• **PROVIDED MATERIAL**:
_____

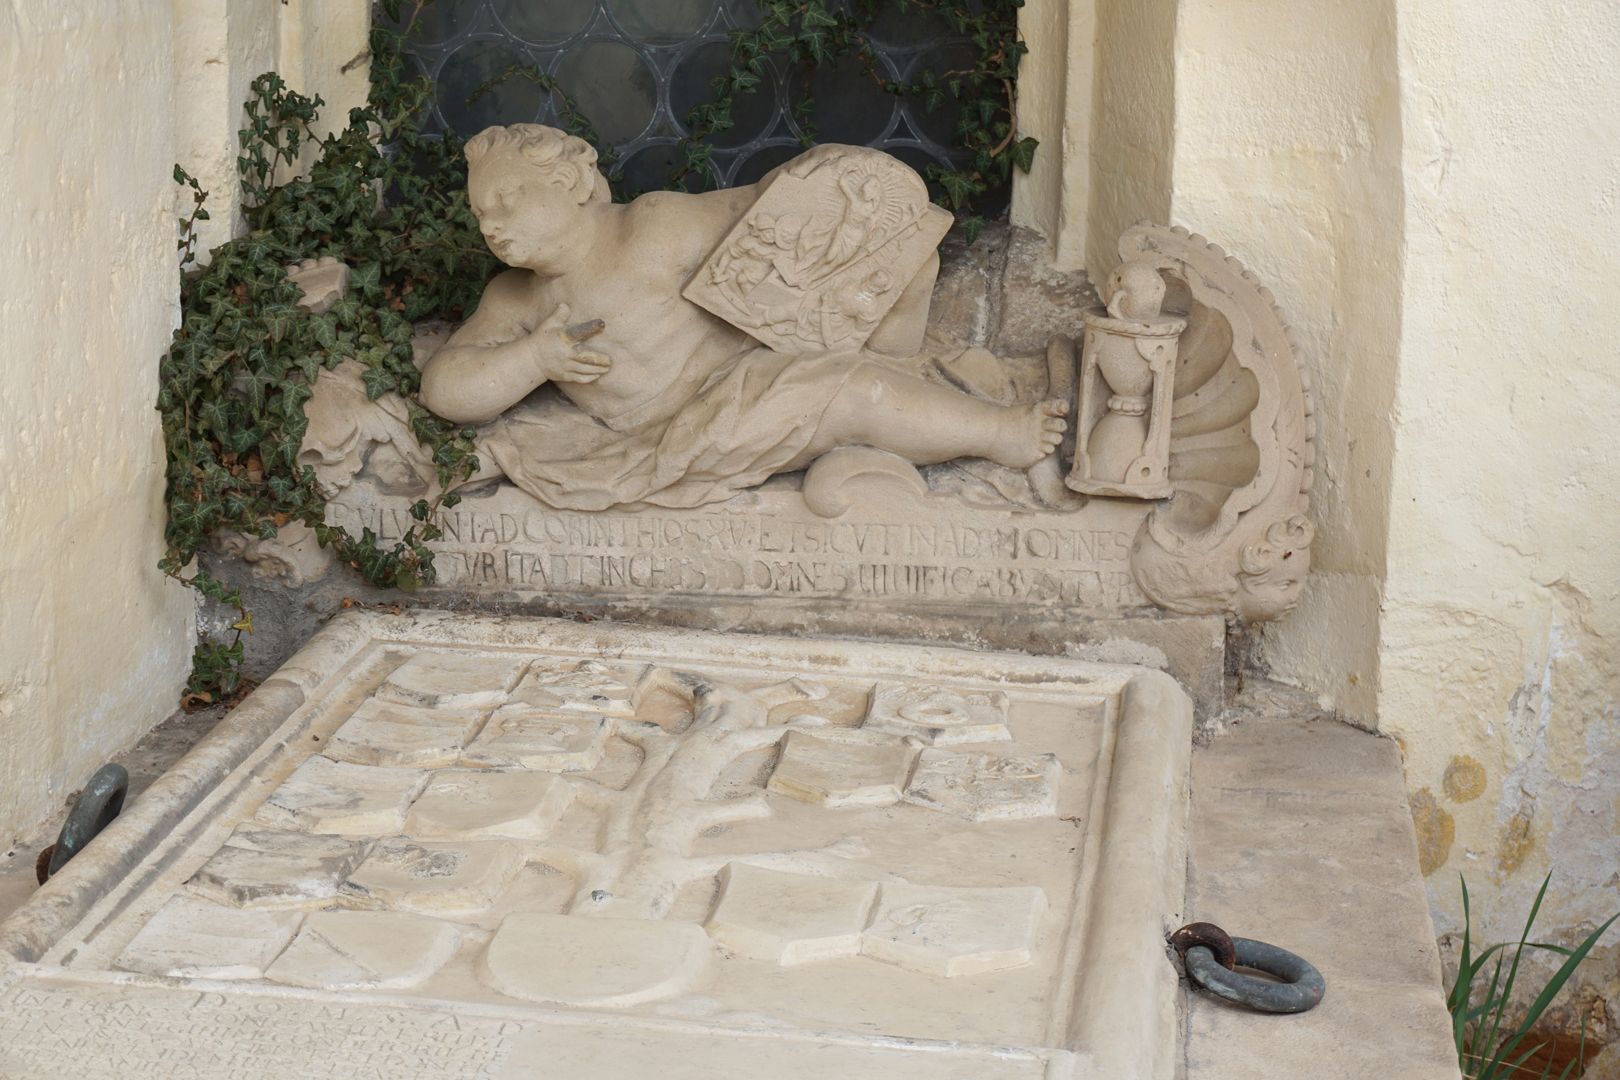 Pfinzing-Monument Im Vordergrund der Stammbaum auf der Platte, dahinter am Kopfstück Putto mit Reliefplatte, links Totenkopf, rechts Sanduhr
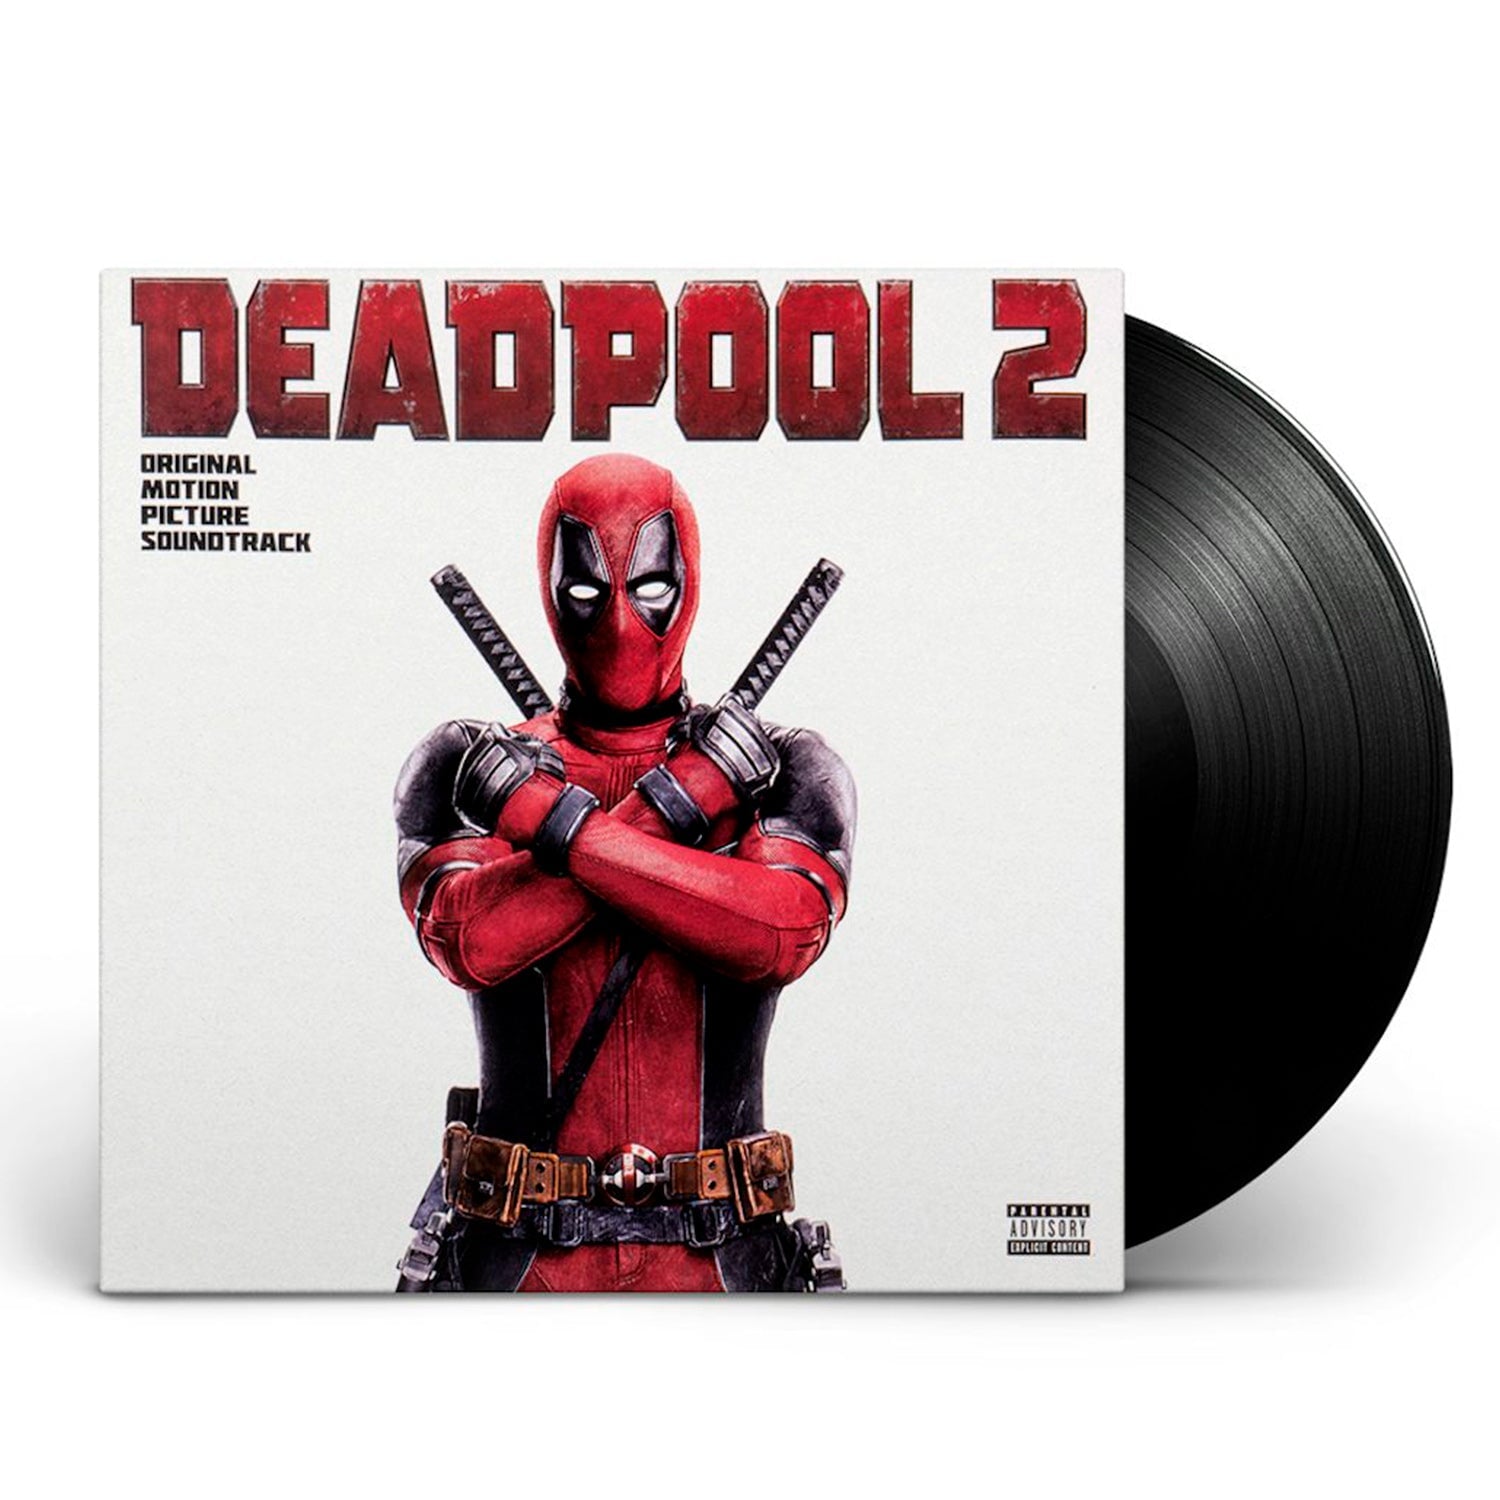 Deadpool 2 (Original Motion Picture Soundtrack) (Vinyl LP)
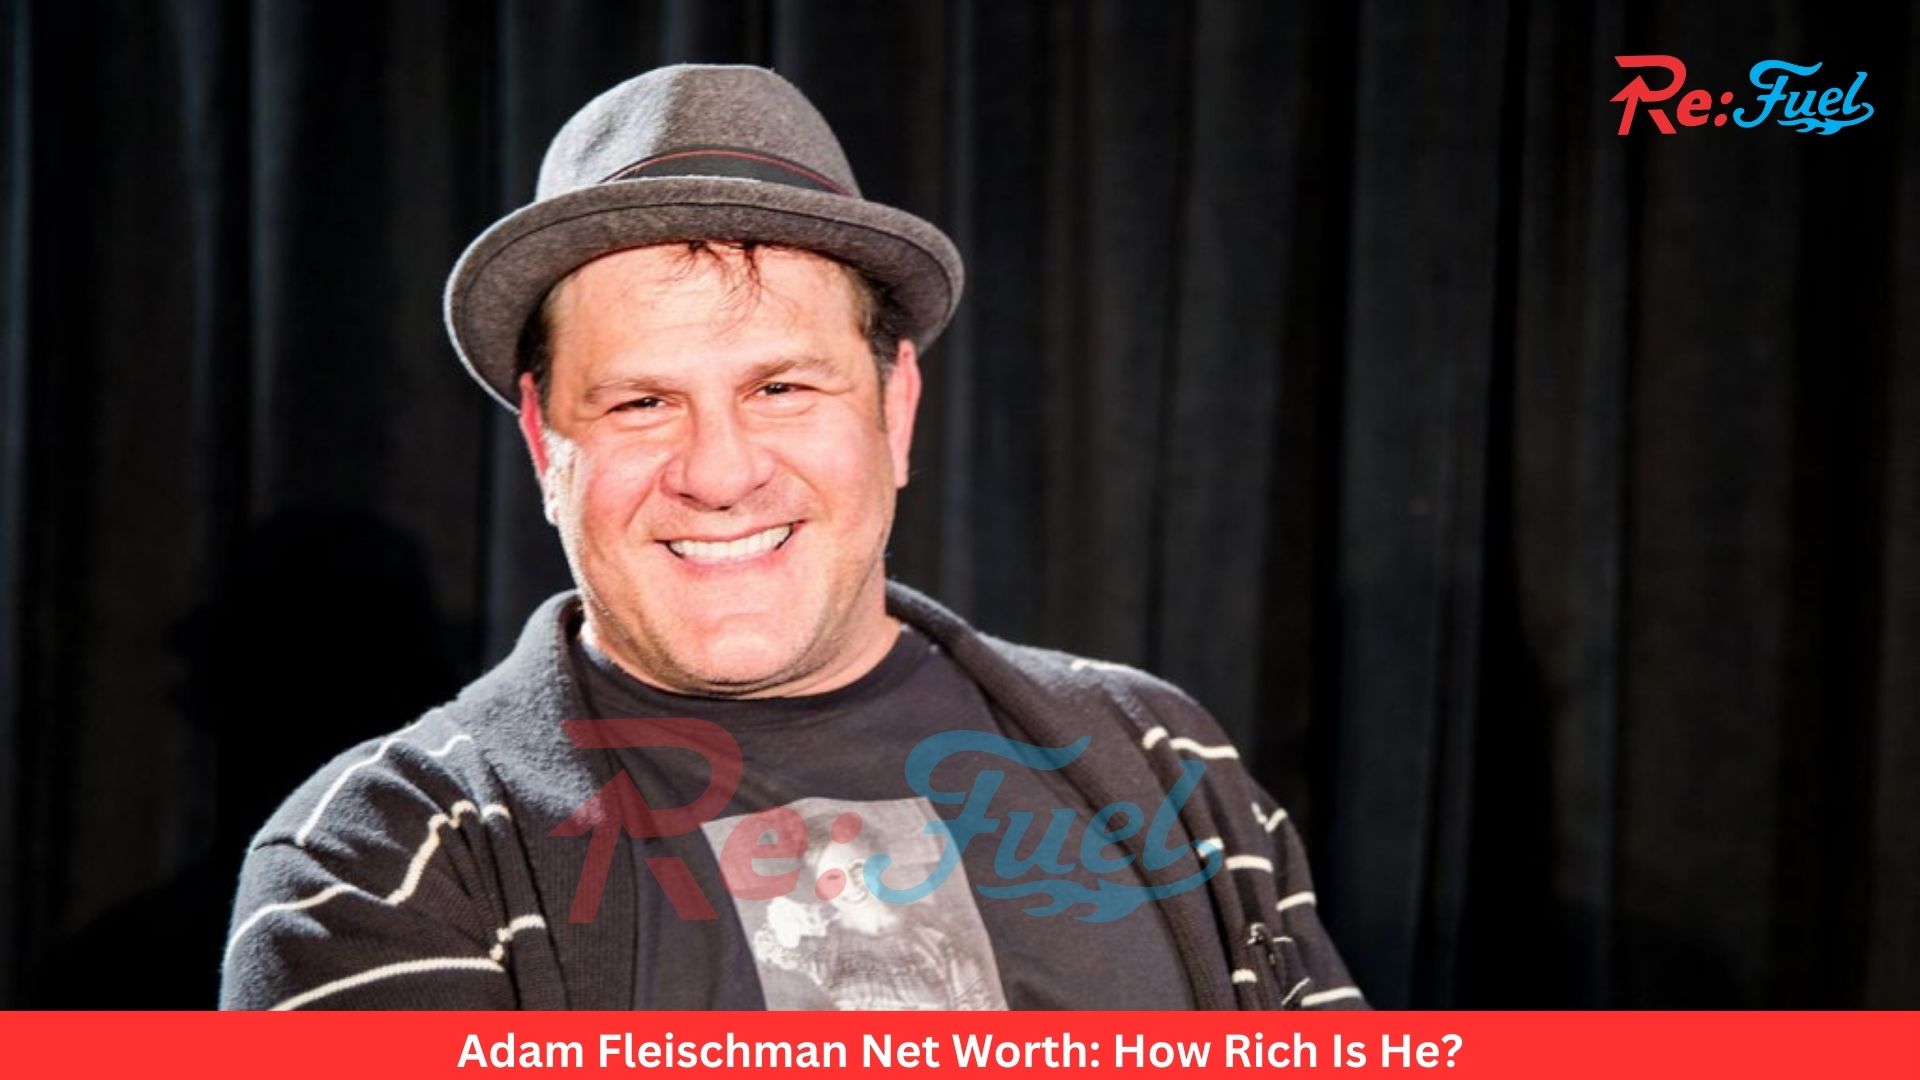 Adam Fleischman Net Worth: How Rich Is He?
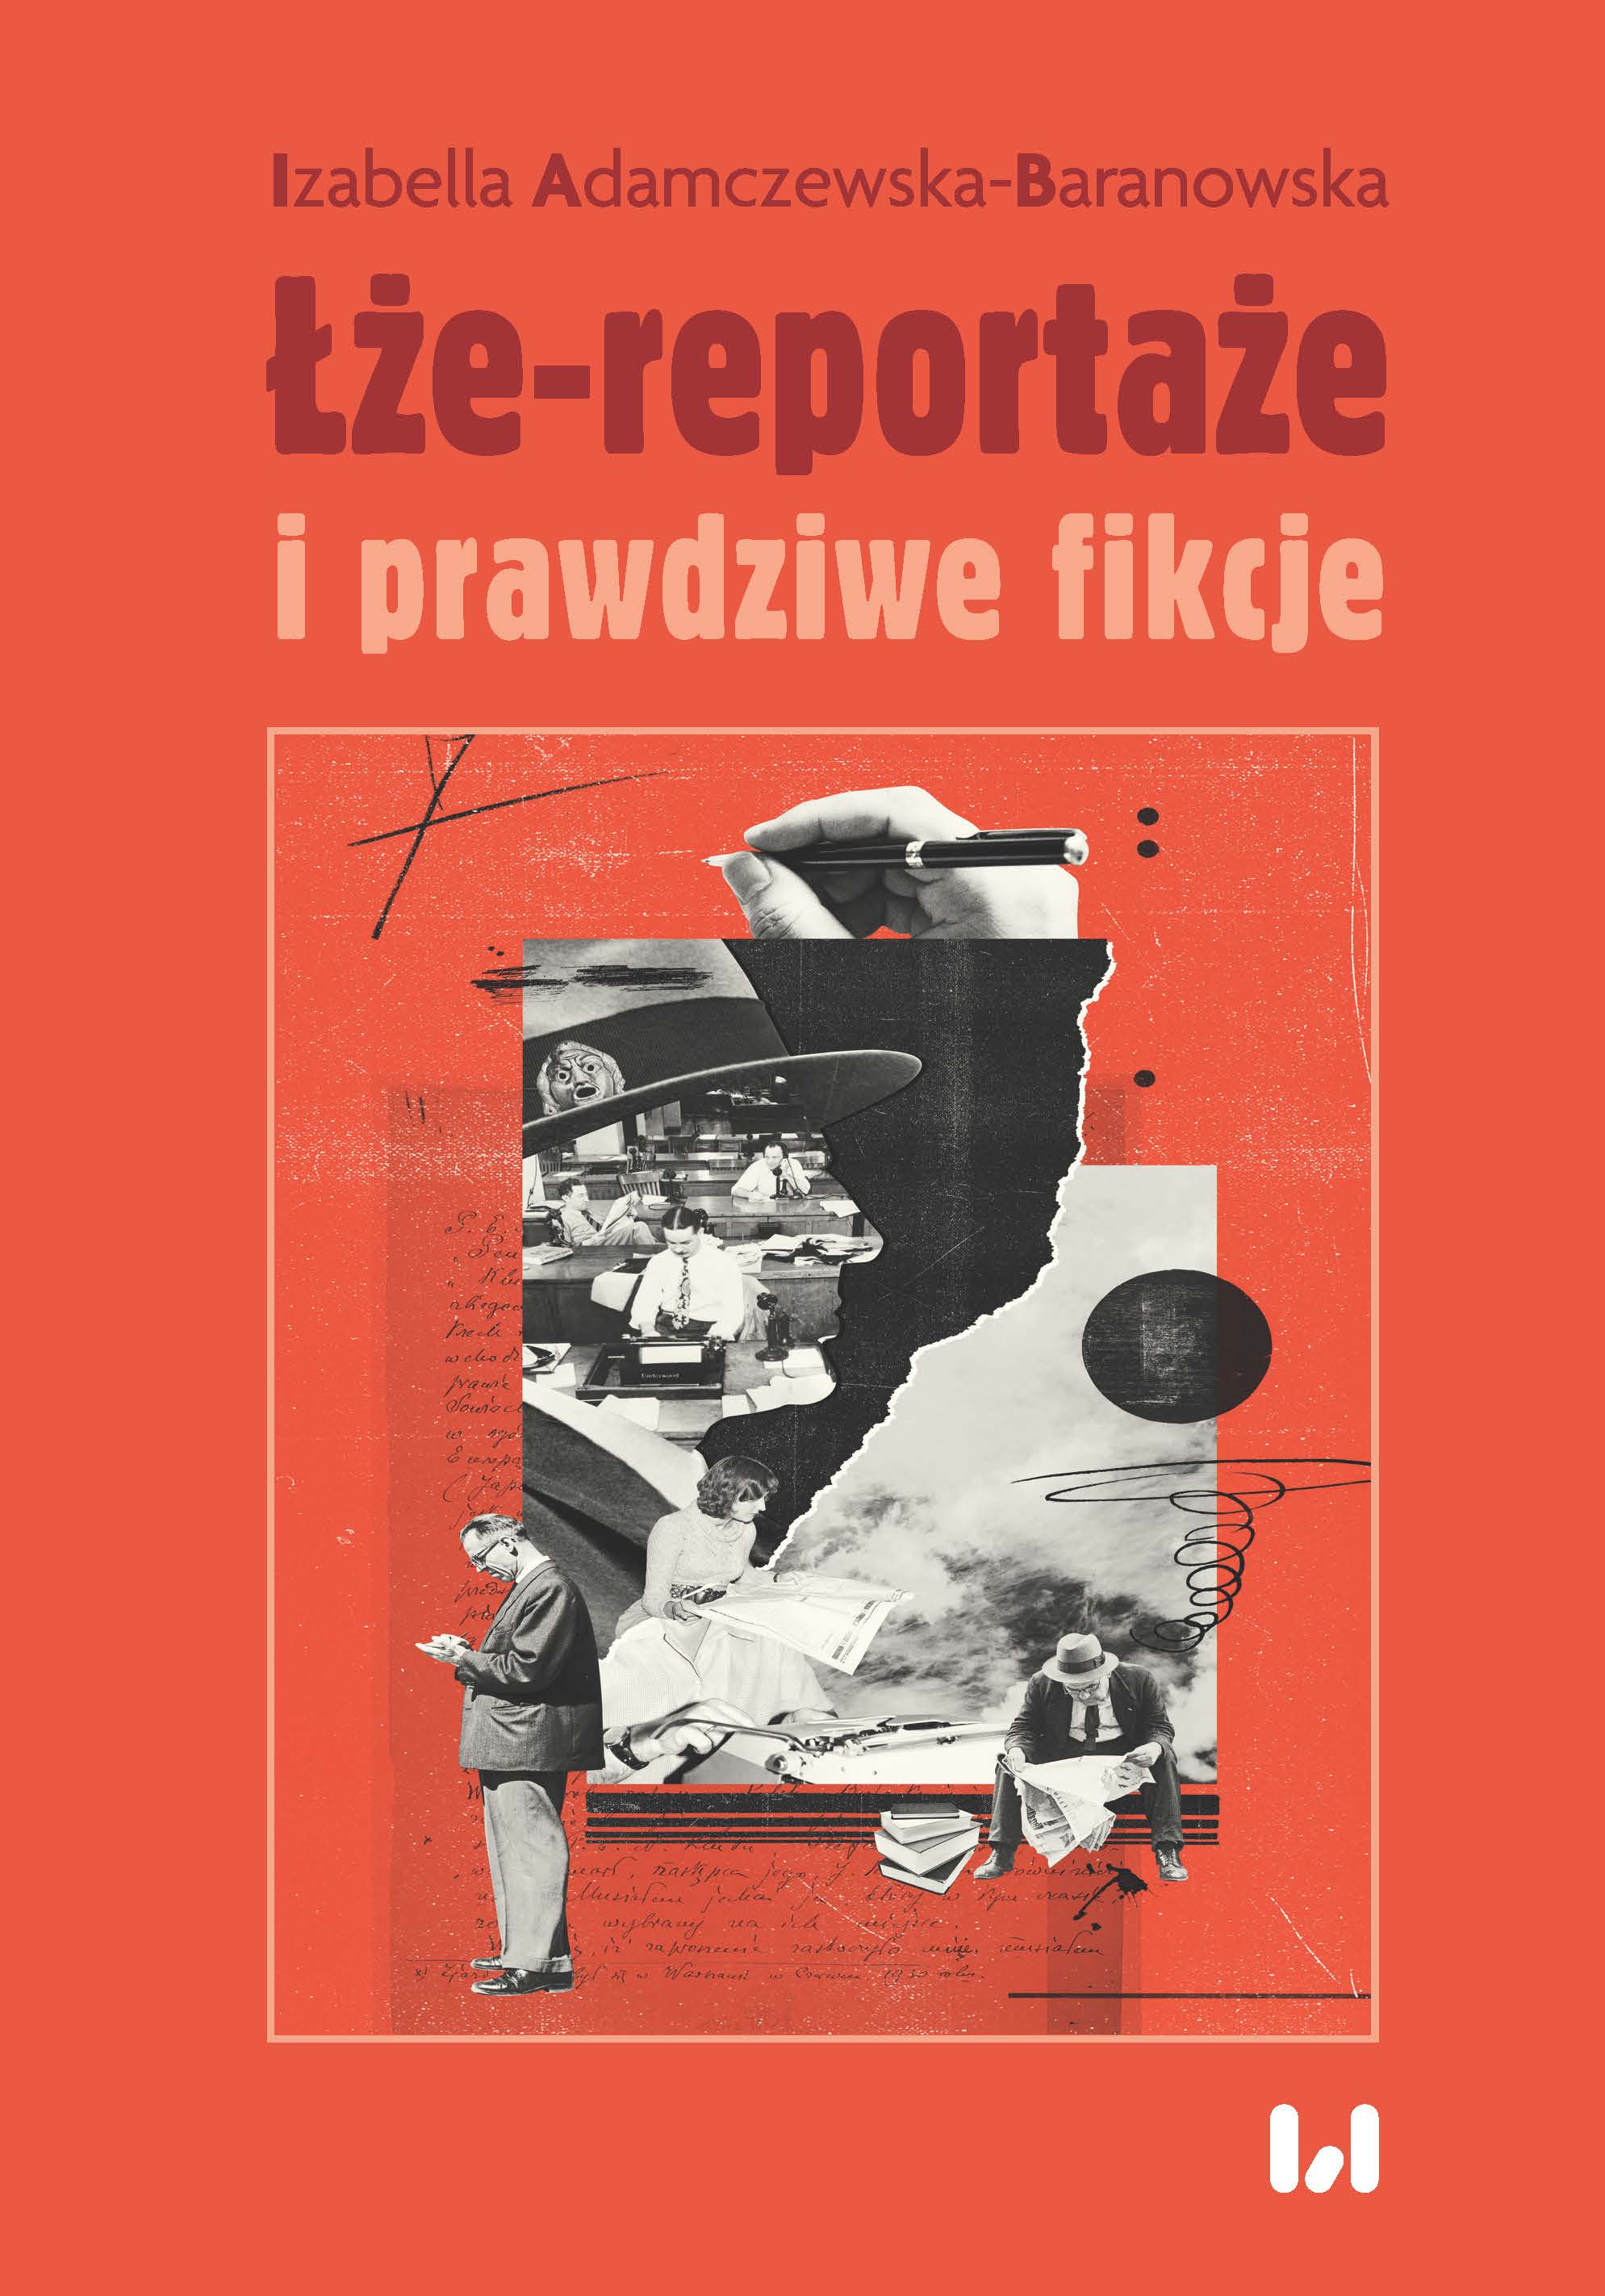 e-reporta-e-i-prawdziwe-fikcje-wydawnictwo-uniwersytetu-dzkiego

_____

• **WHAT YOU HAVE TO DO**: Write out the whole listing exactly, and drop the pictures.

• **THE ANSWER**:
 Pfinzing-Monument Im Vordergrund der Stammbaum auf der Platte, dahinter am Kopfstück Putto mit Reliefplatte, links Totenkopf, rechts Sanduhr
 Deadpool 2 (Original Motion Picture Soundtrack) (Vinyl LP)
 Adam Fleischman Net Worth: How Rich Is He?
 e-reporta-e-i-prawdziwe-fikcje-wydawnictwo-uniwersytetu-dzkiego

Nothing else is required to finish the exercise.